[Supplied information — start]
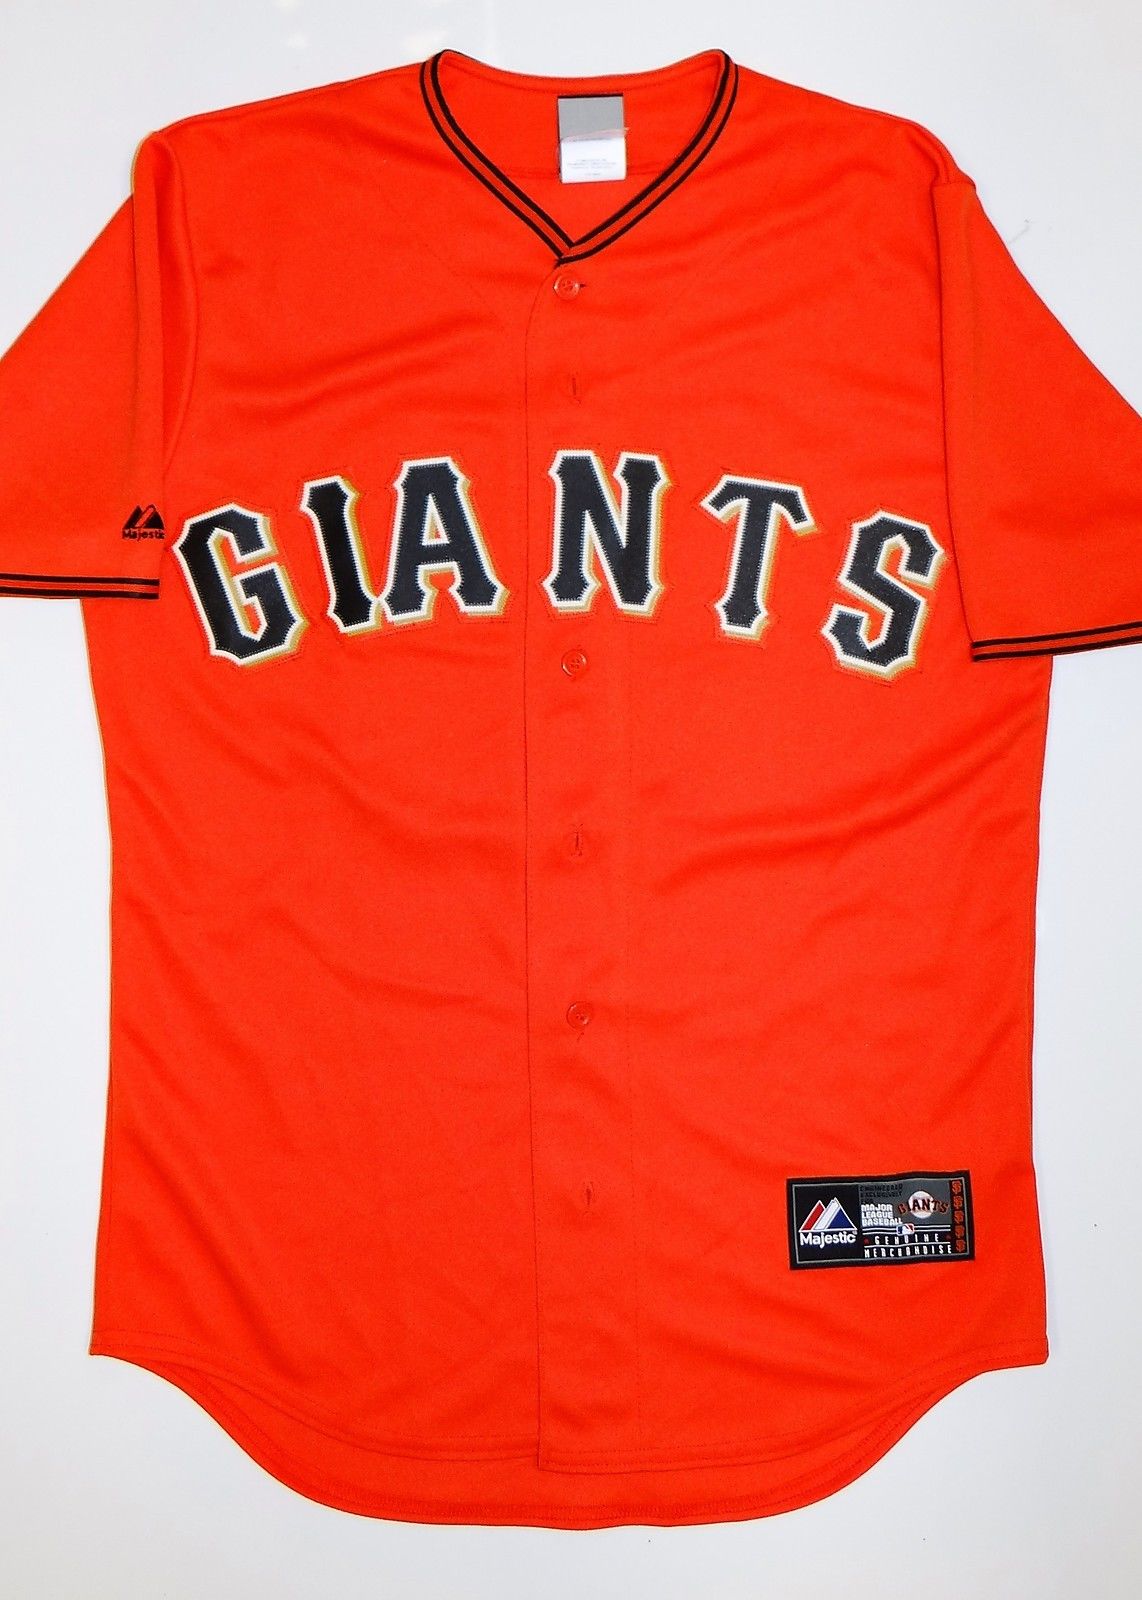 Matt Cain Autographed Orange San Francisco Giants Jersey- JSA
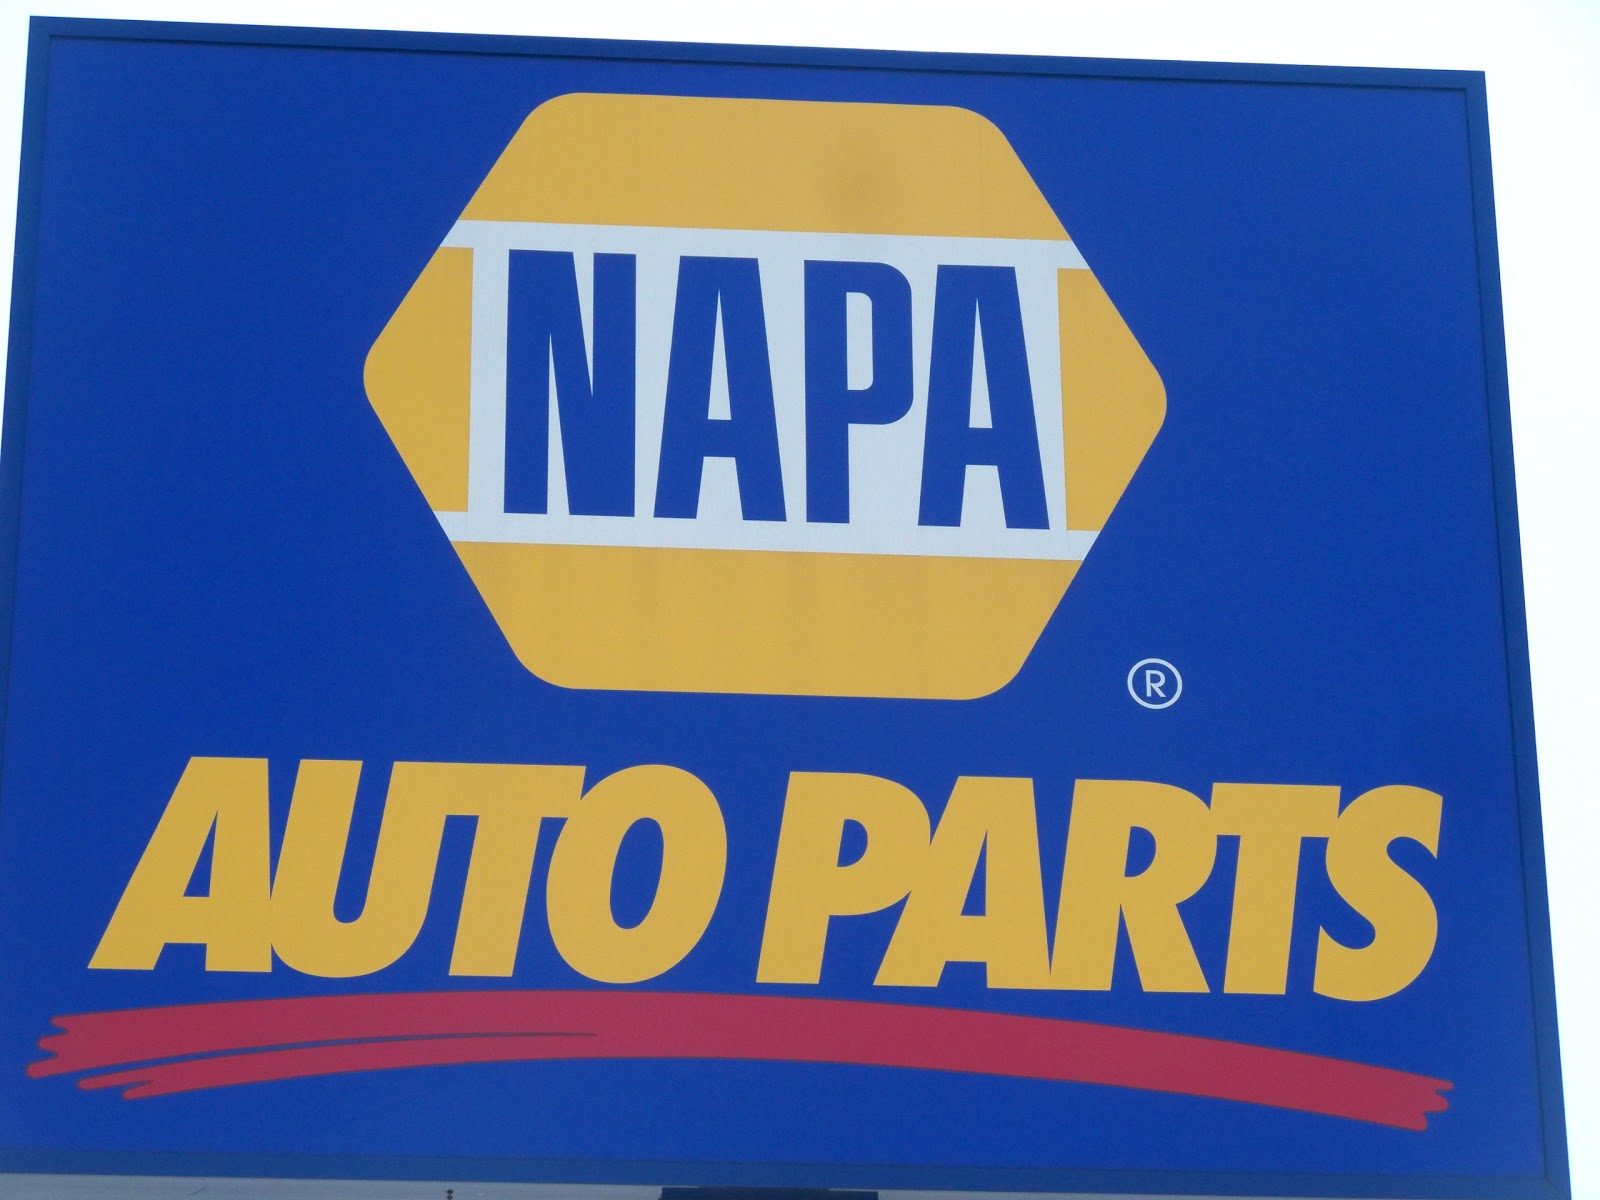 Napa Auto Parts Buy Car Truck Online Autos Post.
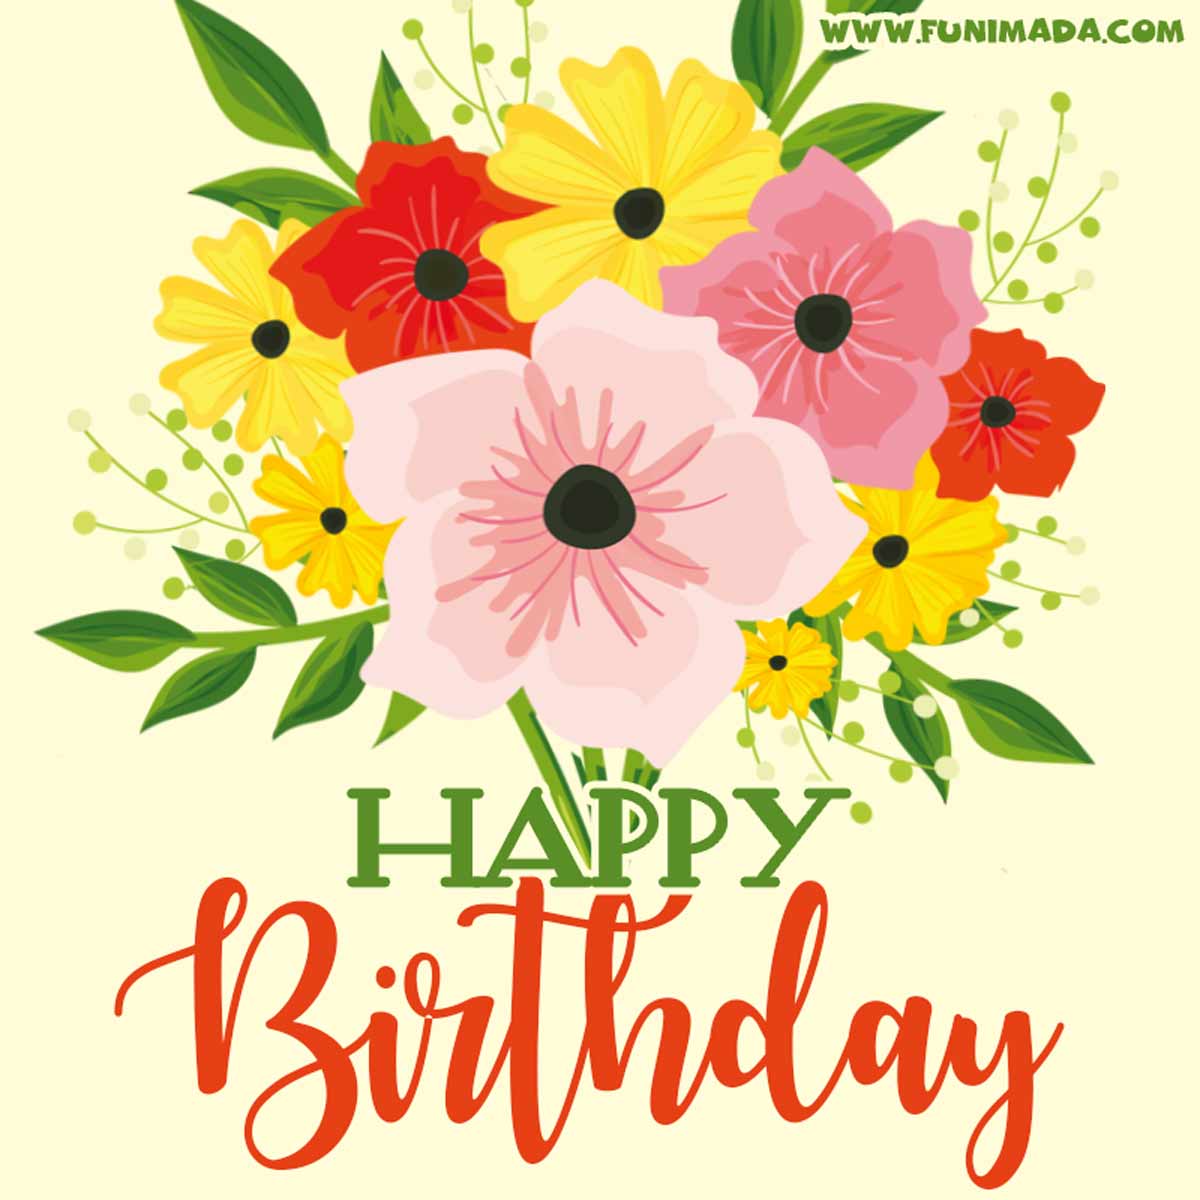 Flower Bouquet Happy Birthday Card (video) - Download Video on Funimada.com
[Supplied information — finish]
Return the data word for word without its pictures.

 Matt Cain Autographed Orange San Francisco Giants Jersey- JSA
 Napa Auto Parts Buy Car Truck Online Autos Post.
 Flower Bouquet Happy Birthday Card (video) - Download Video on Funimada.com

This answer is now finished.